→ PROVIDED MATERIAL:

== == ==

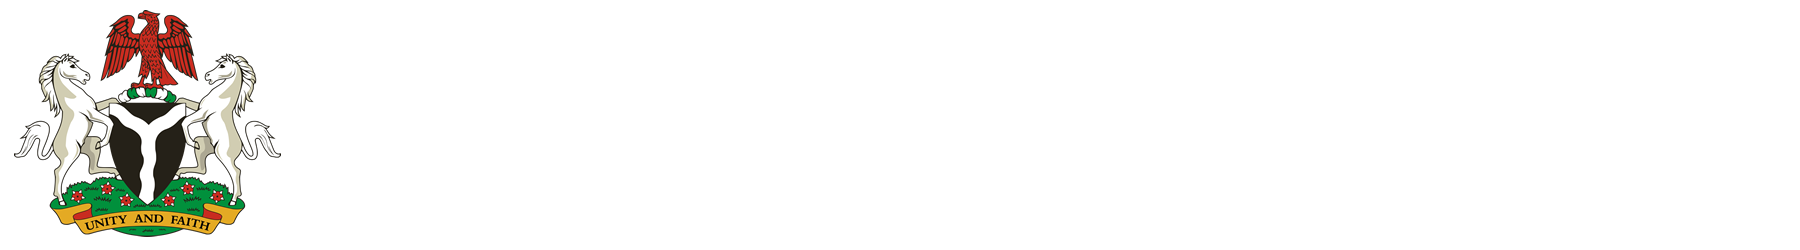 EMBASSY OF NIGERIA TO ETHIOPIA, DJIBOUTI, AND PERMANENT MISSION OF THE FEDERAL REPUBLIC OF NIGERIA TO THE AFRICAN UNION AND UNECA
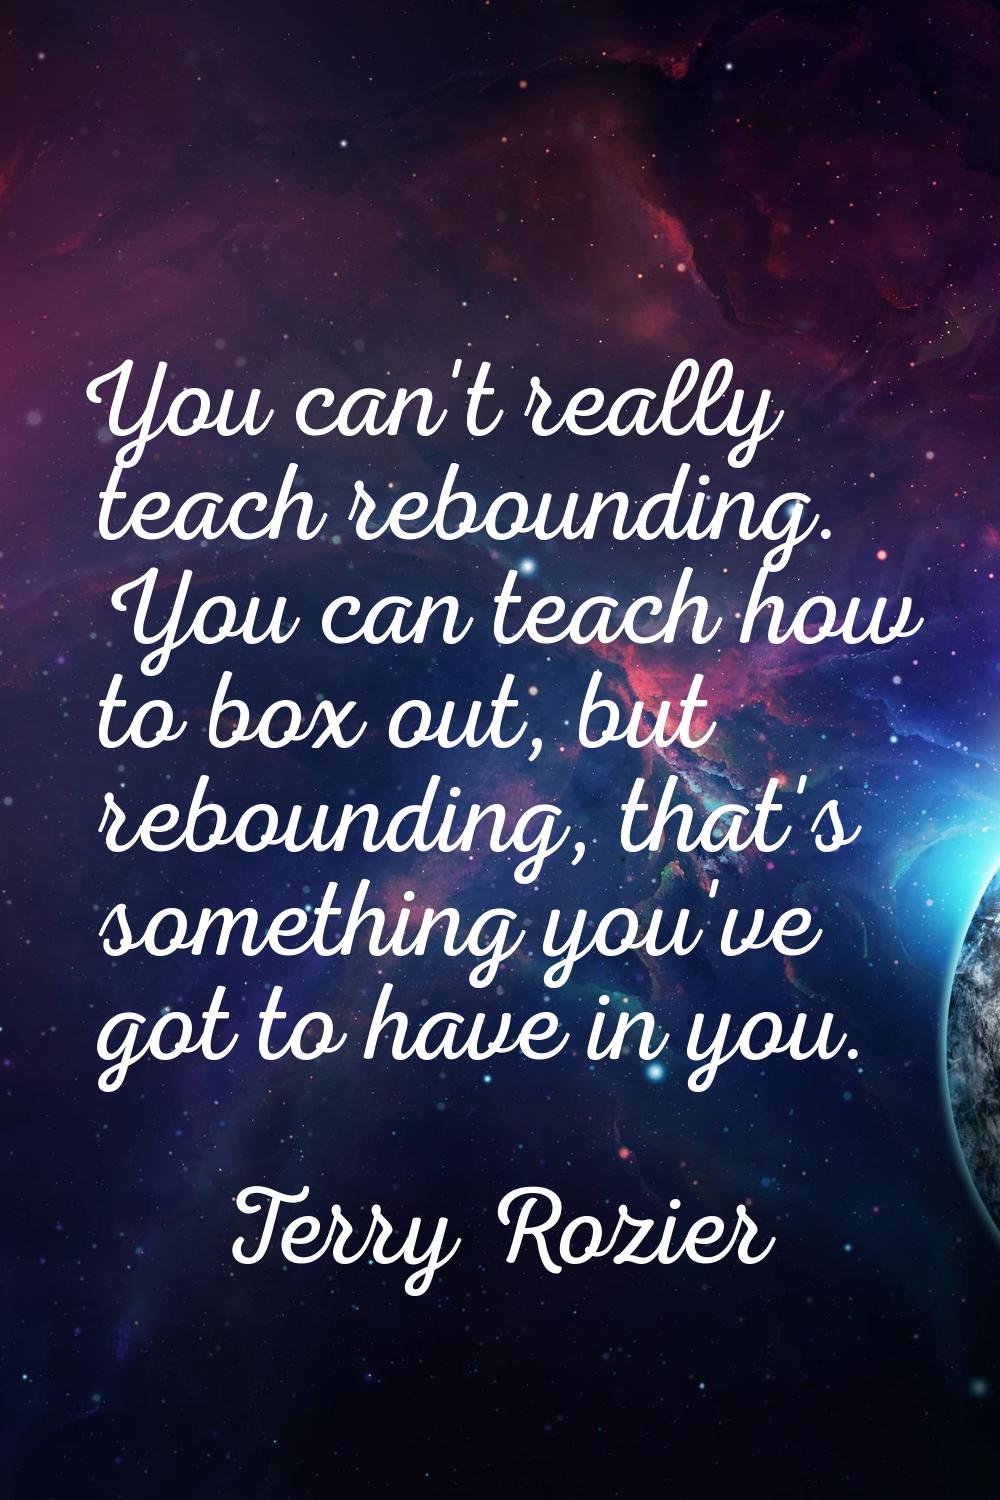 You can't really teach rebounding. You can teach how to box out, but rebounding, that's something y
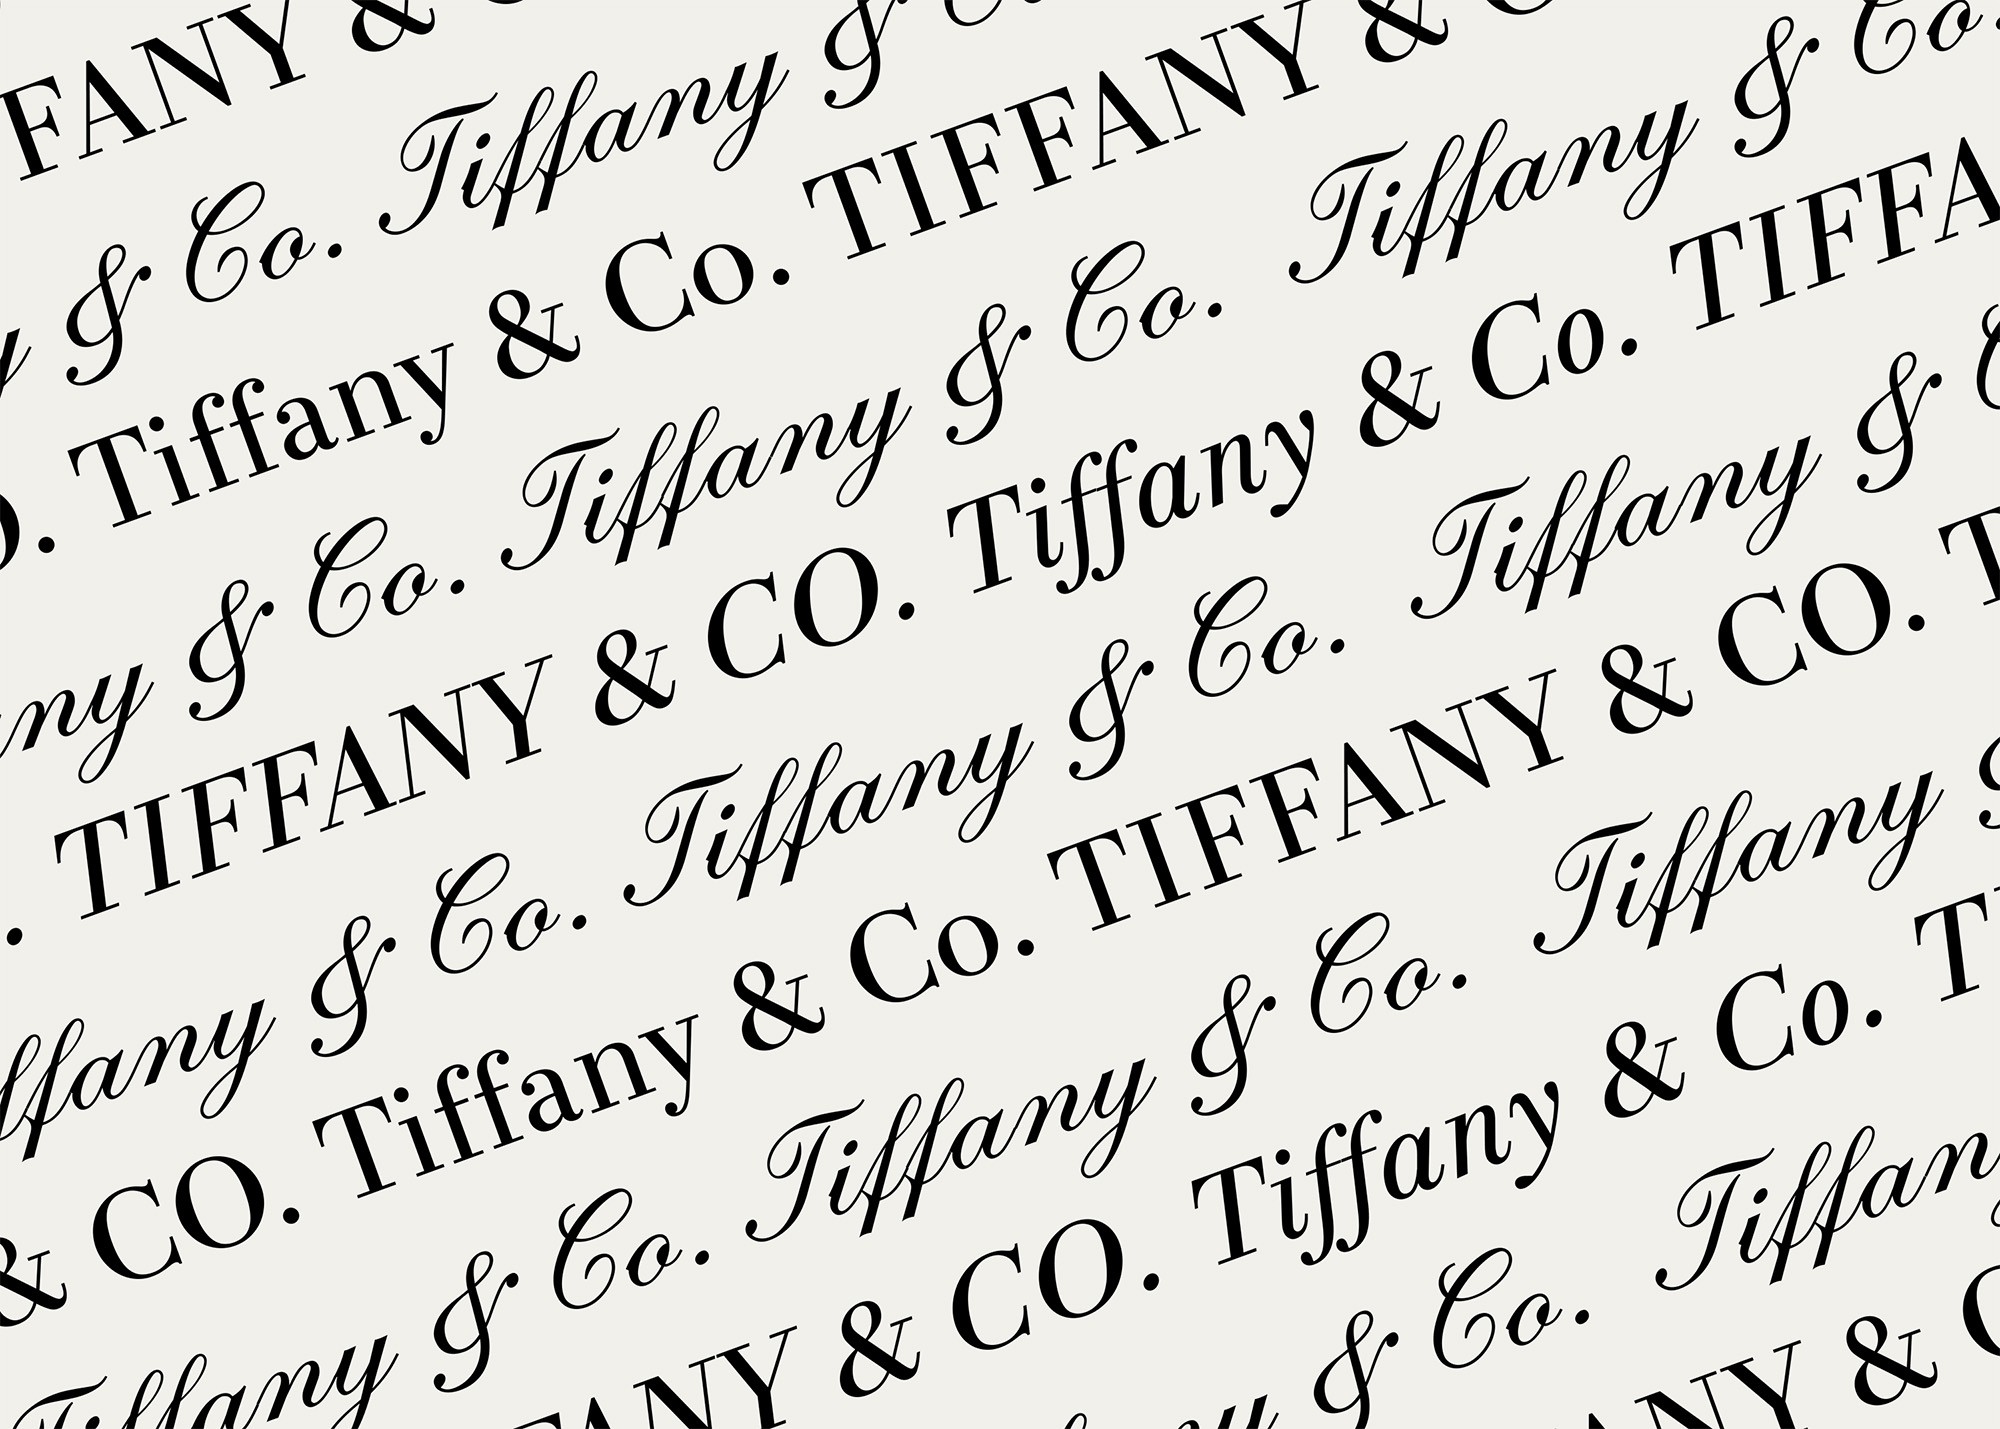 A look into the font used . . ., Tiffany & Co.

== == ==

→ YOUR GOAL: Type the listing out again word for word, passing over each picture.

→ YOUR RESPONSE:
 EMBASSY OF NIGERIA TO ETHIOPIA, DJIBOUTI, AND PERMANENT MISSION OF THE FEDERAL REPUBLIC OF NIGERIA TO THE AFRICAN UNION AND UNECA
 You can't really teach rebounding. You can teach how to box out, but rebounding, that's something y
 A look into the font used . . ., Tiffany & Co.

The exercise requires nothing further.